He peered into this darkness and found only another empty room.  There were no other doors.  Where had the woman gone?  And where had she come from?  He hadn’t seen any cars outside. 

There was no furniture in this darkened room.  No desks, no chairs, no office equipment filled the empty space. 

He took a step back, away from the disconcerting darkness, confused, and turned around. 

Walking toward him was a very large man in the same yellow coveralls the heavyset woman had been wearing.  In his meaty hands, he lifted a heavy-looking shovel into the air and swung it at Eric’s startled face. 

 

 

 

 

Chapter Twenty-One

Eric closed his eyes.  He stood there, his back to the wall, cringing in anticipation of the blow.  But it never came.  When he dared a peek, the large man and his shovel were gone. 

A tall man was standing in the middle of the room instead, studying a piece of paper. 

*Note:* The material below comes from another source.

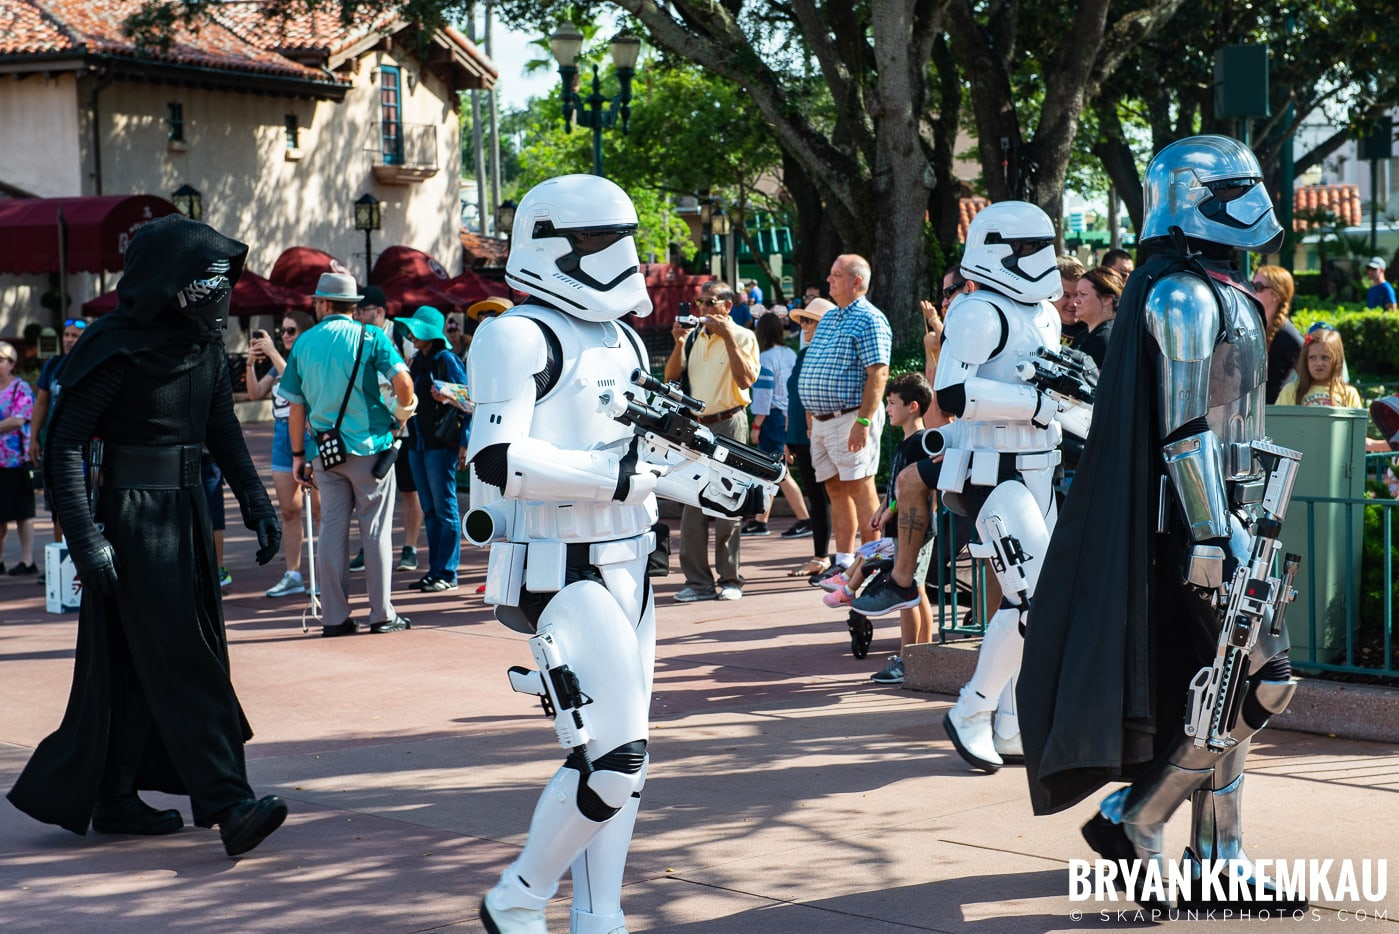 Walt Disney World Vacation: Day 3 (Disney's Hollywood Studios / Magic Kingdom) October 1st 2019 (55)

“What just happened?” he asked, but the man merely turned away and walked out of the room. 

“Excuse me…”

Eric followed him into the hallway, but he was gone.  Instead, an attractive woman with dark features was walking toward him from the door at the end of the hallway.  She was carrying a clipboard under her arm and pulling her long, black hair out from under her hairnet. 

“Can you help me?” he asked, but the woman ignored him so completely that he had to step quickly out of her way to keep from being pushed aside. 

“The hell?”

His cell phone chimed at him, announcing a new text message, and when he pulled it out of his pocket, he again found a single word staring back at him. 

LISTEN

He frowned at the word.  Listen to what?  The place was silent. 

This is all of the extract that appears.